Task requirements =>
The output is the lines below from the one with "Antique Automobile 4, 32 pcs 3d Puzzle" through the one with "Location de vacances,Villa,Nouvelle", both included, printed exactly and with no other line.

════════

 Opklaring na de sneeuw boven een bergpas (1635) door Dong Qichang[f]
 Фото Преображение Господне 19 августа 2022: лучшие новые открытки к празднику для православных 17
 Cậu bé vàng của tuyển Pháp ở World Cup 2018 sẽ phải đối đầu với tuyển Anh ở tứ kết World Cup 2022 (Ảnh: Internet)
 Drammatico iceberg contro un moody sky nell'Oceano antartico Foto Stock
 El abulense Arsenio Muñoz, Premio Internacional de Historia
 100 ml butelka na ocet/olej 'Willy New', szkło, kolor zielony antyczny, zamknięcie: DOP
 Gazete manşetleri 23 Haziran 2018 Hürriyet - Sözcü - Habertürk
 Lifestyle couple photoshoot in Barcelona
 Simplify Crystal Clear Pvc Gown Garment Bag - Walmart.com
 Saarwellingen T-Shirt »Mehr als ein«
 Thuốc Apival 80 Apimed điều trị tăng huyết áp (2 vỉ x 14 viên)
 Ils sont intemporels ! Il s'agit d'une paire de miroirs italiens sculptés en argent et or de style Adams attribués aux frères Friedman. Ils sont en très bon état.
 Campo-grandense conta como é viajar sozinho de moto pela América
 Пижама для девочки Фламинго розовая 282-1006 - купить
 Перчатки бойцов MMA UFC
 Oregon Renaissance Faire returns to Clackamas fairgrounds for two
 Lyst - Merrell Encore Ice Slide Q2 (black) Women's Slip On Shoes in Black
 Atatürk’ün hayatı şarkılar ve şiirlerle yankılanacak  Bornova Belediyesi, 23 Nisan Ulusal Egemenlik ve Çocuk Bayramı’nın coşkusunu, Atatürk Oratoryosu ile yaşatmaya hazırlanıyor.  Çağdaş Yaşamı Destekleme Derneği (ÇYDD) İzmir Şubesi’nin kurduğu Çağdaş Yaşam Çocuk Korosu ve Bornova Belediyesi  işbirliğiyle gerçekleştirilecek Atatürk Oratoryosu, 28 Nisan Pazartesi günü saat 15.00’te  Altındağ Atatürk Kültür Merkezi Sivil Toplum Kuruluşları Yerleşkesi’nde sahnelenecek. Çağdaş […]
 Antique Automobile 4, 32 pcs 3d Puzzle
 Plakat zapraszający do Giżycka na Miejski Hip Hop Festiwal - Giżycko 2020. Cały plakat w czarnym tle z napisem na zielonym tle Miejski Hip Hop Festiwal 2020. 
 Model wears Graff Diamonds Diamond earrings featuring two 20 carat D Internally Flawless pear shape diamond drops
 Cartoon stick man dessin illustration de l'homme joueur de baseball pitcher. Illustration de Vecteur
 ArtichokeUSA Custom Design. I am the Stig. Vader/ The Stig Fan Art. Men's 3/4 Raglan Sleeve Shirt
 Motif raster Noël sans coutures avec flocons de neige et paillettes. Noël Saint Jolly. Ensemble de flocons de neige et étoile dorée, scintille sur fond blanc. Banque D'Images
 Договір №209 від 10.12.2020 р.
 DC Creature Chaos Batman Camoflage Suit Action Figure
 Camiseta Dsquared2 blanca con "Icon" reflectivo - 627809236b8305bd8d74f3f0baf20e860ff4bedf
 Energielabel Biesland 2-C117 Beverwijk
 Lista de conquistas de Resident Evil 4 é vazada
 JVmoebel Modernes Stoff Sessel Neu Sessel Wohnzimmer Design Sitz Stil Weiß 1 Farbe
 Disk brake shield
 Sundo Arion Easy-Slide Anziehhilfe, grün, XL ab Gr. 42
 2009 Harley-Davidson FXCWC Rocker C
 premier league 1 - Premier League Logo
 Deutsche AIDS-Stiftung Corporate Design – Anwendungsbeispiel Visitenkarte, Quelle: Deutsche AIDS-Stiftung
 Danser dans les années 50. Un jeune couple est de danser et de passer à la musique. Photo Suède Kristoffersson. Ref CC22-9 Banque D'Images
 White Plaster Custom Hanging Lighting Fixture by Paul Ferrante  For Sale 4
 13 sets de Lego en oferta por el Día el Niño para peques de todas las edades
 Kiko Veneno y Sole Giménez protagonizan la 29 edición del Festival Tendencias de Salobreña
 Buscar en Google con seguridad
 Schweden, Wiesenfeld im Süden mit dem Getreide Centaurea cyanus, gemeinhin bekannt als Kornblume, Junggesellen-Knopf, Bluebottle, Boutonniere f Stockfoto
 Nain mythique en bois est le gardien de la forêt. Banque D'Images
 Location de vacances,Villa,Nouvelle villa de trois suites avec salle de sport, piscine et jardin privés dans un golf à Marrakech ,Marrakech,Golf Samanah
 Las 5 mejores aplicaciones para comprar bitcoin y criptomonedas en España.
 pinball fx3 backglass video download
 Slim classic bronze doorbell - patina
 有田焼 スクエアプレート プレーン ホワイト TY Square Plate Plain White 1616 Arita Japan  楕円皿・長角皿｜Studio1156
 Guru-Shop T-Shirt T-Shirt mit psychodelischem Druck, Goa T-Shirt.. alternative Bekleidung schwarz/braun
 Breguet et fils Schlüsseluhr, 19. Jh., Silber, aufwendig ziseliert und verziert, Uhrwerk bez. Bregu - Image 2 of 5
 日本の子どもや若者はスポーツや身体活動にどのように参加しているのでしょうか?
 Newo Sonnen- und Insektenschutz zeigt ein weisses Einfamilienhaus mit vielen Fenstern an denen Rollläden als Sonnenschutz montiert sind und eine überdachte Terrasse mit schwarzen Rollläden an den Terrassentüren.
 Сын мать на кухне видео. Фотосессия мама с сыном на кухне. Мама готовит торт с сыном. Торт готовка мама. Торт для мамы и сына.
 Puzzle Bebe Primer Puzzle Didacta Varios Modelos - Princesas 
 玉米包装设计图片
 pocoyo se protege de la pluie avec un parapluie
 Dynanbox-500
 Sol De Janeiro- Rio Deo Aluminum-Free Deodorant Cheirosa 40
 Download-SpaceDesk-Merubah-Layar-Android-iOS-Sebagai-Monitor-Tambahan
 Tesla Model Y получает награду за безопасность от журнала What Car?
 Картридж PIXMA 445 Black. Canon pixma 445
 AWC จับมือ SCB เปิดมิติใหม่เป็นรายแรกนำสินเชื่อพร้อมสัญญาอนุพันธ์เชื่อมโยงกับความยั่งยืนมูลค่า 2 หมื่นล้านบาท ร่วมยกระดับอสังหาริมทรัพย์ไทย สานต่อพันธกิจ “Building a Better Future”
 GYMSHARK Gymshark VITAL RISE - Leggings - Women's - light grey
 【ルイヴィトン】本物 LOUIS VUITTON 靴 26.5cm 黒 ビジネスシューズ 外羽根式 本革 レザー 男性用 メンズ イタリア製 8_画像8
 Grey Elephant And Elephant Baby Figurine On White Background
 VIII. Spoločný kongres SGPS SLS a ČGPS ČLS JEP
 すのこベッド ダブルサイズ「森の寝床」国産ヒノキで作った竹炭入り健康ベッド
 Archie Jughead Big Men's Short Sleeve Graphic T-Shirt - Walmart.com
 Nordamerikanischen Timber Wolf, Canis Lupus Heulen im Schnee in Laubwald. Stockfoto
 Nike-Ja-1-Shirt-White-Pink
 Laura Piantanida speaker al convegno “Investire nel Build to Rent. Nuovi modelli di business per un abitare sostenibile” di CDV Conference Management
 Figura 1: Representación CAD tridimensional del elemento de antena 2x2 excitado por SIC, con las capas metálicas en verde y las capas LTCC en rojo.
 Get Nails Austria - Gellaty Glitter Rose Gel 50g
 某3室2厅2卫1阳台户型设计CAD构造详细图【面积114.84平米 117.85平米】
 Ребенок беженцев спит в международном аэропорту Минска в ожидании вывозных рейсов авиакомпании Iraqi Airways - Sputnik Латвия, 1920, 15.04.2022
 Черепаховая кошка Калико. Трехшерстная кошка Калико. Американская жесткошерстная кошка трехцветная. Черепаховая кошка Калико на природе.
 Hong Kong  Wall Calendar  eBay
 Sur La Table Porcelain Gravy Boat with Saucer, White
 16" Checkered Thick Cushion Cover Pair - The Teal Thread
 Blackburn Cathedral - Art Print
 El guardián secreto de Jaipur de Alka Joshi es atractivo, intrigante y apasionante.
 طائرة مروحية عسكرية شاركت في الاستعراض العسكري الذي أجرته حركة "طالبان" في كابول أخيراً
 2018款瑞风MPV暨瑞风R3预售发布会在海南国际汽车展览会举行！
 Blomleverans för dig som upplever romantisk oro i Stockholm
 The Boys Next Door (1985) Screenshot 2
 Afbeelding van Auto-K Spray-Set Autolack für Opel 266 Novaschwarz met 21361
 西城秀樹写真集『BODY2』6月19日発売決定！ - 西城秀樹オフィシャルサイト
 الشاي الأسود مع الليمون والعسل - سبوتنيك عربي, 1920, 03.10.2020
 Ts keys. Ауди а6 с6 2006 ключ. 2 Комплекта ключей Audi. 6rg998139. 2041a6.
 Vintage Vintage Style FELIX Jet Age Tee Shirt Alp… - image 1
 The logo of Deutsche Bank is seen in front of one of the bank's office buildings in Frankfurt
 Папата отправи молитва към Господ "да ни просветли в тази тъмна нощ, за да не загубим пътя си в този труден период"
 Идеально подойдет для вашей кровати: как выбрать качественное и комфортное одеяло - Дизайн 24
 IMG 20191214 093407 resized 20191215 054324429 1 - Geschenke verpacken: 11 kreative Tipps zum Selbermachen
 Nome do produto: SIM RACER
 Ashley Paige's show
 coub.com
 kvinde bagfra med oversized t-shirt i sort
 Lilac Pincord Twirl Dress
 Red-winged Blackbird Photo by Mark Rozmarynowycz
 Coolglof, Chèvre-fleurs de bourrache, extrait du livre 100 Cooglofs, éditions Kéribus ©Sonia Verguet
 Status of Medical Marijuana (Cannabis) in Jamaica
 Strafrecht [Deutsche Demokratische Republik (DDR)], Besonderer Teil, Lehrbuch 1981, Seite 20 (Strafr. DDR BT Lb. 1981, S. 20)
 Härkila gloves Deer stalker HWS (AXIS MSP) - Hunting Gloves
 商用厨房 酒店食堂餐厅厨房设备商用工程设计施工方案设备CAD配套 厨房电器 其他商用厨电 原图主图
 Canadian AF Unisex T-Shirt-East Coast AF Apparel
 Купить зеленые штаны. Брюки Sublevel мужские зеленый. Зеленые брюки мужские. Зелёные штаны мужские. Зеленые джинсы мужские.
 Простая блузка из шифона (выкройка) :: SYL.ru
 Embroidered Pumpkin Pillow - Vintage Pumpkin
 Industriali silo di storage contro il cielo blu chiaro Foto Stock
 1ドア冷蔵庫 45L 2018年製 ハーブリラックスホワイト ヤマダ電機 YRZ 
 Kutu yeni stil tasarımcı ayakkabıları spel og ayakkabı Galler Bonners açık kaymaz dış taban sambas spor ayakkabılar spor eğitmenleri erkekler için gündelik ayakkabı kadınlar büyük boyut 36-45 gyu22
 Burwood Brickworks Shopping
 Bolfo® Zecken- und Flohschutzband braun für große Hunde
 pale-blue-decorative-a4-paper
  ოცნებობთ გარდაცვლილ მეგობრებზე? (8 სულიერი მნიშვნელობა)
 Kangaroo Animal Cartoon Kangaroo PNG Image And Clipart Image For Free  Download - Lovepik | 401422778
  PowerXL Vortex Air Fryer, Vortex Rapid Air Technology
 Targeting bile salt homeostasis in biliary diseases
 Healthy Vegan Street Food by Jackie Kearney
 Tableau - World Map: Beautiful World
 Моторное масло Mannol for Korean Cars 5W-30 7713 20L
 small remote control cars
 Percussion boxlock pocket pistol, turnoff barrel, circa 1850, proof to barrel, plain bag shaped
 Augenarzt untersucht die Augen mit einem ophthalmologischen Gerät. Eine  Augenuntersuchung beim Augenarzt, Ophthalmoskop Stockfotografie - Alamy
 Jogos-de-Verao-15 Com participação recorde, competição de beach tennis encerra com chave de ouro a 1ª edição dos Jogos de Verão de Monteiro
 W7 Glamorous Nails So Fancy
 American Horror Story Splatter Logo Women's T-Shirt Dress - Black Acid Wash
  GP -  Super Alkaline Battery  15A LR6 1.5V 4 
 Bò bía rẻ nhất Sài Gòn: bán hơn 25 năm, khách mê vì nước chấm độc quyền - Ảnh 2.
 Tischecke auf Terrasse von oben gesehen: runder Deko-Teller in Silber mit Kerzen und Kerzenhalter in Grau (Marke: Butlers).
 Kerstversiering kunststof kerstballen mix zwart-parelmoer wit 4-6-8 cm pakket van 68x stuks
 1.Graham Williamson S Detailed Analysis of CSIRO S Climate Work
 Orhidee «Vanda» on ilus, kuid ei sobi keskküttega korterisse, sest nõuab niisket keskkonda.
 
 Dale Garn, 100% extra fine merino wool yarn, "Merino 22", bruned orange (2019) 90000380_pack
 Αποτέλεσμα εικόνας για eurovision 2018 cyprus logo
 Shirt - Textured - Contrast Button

════════

Solution to this exercise =>
 Antique Automobile 4, 32 pcs 3d Puzzle
 Plakat zapraszający do Giżycka na Miejski Hip Hop Festiwal - Giżycko 2020. Cały plakat w czarnym tle z napisem na zielonym tle Miejski Hip Hop Festiwal 2020. 
 Model wears Graff Diamonds Diamond earrings featuring two 20 carat D Internally Flawless pear shape diamond drops
 Cartoon stick man dessin illustration de l'homme joueur de baseball pitcher. Illustration de Vecteur
 ArtichokeUSA Custom Design. I am the Stig. Vader/ The Stig Fan Art. Men's 3/4 Raglan Sleeve Shirt
 Motif raster Noël sans coutures avec flocons de neige et paillettes. Noël Saint Jolly. Ensemble de flocons de neige et étoile dorée, scintille sur fond blanc. Banque D'Images
 Договір №209 від 10.12.2020 р.
 DC Creature Chaos Batman Camoflage Suit Action Figure
 Camiseta Dsquared2 blanca con "Icon" reflectivo - 627809236b8305bd8d74f3f0baf20e860ff4bedf
 Energielabel Biesland 2-C117 Beverwijk
 Lista de conquistas de Resident Evil 4 é vazada
 JVmoebel Modernes Stoff Sessel Neu Sessel Wohnzimmer Design Sitz Stil Weiß 1 Farbe
 Disk brake shield
 Sundo Arion Easy-Slide Anziehhilfe, grün, XL ab Gr. 42
 2009 Harley-Davidson FXCWC Rocker C
 premier league 1 - Premier League Logo
 Deutsche AIDS-Stiftung Corporate Design – Anwendungsbeispiel Visitenkarte, Quelle: Deutsche AIDS-Stiftung
 Danser dans les années 50. Un jeune couple est de danser et de passer à la musique. Photo Suède Kristoffersson. Ref CC22-9 Banque D'Images
 White Plaster Custom Hanging Lighting Fixture by Paul Ferrante  For Sale 4
 13 sets de Lego en oferta por el Día el Niño para peques de todas las edades
 Kiko Veneno y Sole Giménez protagonizan la 29 edición del Festival Tendencias de Salobreña
 Buscar en Google con seguridad
 Schweden, Wiesenfeld im Süden mit dem Getreide Centaurea cyanus, gemeinhin bekannt als Kornblume, Junggesellen-Knopf, Bluebottle, Boutonniere f Stockfoto
 Nain mythique en bois est le gardien de la forêt. Banque D'Images
 Location de vacances,Villa,Nouvelle villa de trois suites avec salle de sport, piscine et jardin privés dans un golf à Marrakech ,Marrakech,Golf Samanah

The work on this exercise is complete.